For every segment, we find the eigenvector which has the largest absolute response (“win”) and increase the “win”-counter for that signed-eigenvector (positive or negative). We then compare these counters to a threshold and remove signed eigenvectors which do not have enough “wins”. The method is demonstrated in Fig. 3.
Fig. 3: Temporal response analysis: A speaker indicative response in the left, noisy response in the right. Although the eigenvalue (energy) in the right is larger, the temporal response in the right does not indicate a speaker as it does not “win” in any segment. Response is plotted in red, and the maximum over all responses is in blue.
Experiments and results
We evaluated our proposed method on the publicly available CALLHOME-500 corpus under the commonly used setup with evenly space overlapping short segments, oracle voice activity detection and 5-fold cross validation. Results are reported in terms of Diarization Error Rate (DER), which is the fraction of time that is not attributed correctly.
Table 1 shows the DERs for selected experiments under the spectral clustering framework.
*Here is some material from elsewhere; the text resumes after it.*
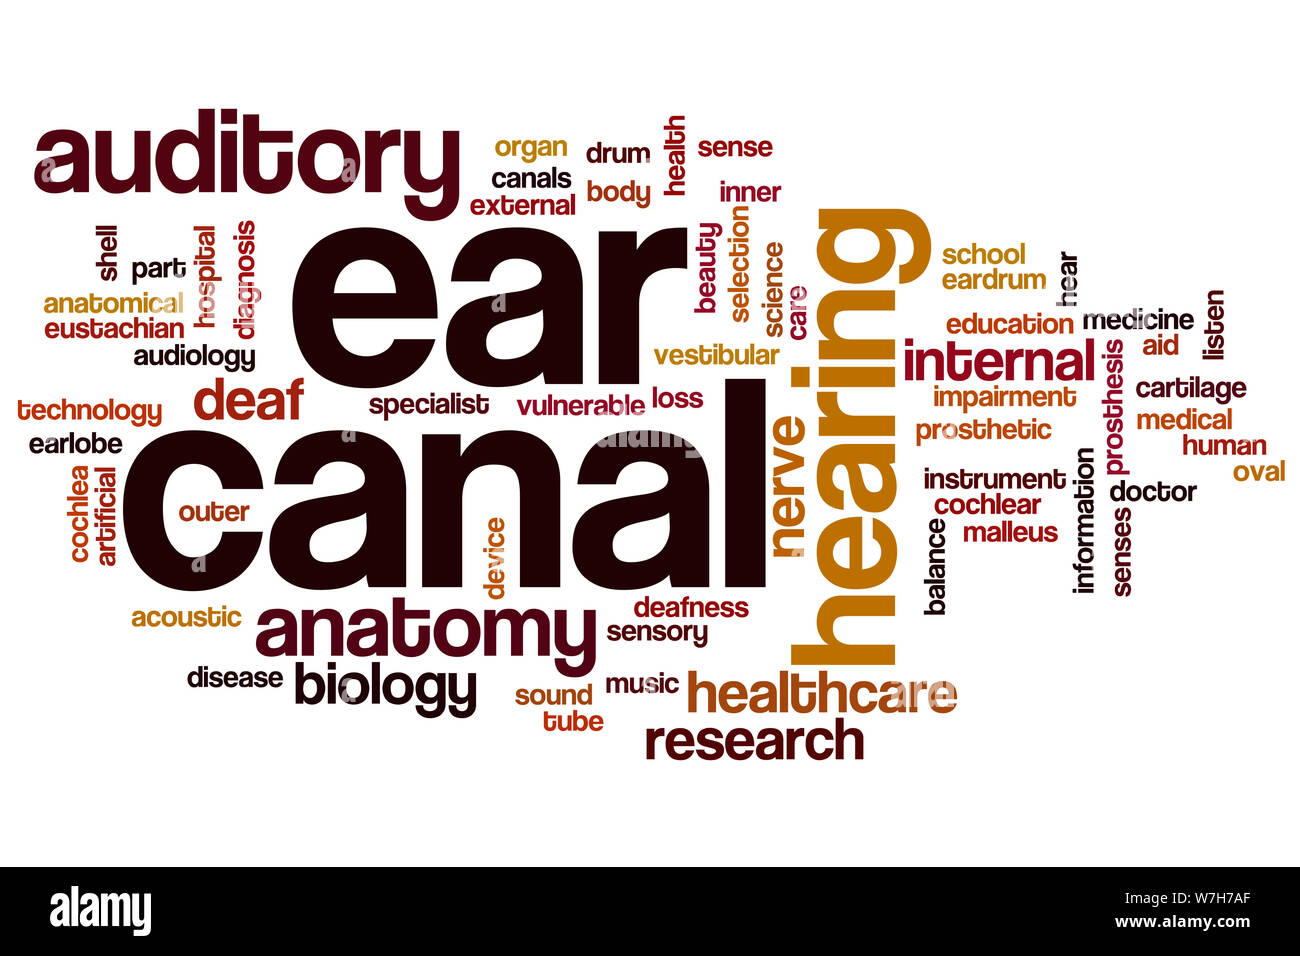 Ear canal word cloud concept Stock Photo

Starting with a baseline with a DER of 8%, using multiple embeddings, neural network-based speaker similarity and temporal response analysis, we obtained a state-of-the-art DER of 5.1%, which compares well to other published works (Table 2).
Table 1: DER results for selected spectral clustering-based experiments on NIST-2000 CALLHOME
Table 2: DER results for recent works on NIST-2000 CALLHOME
Other contributors to this work include Ron Hoory, Masayuki Suzuki, Gakutu Kurata.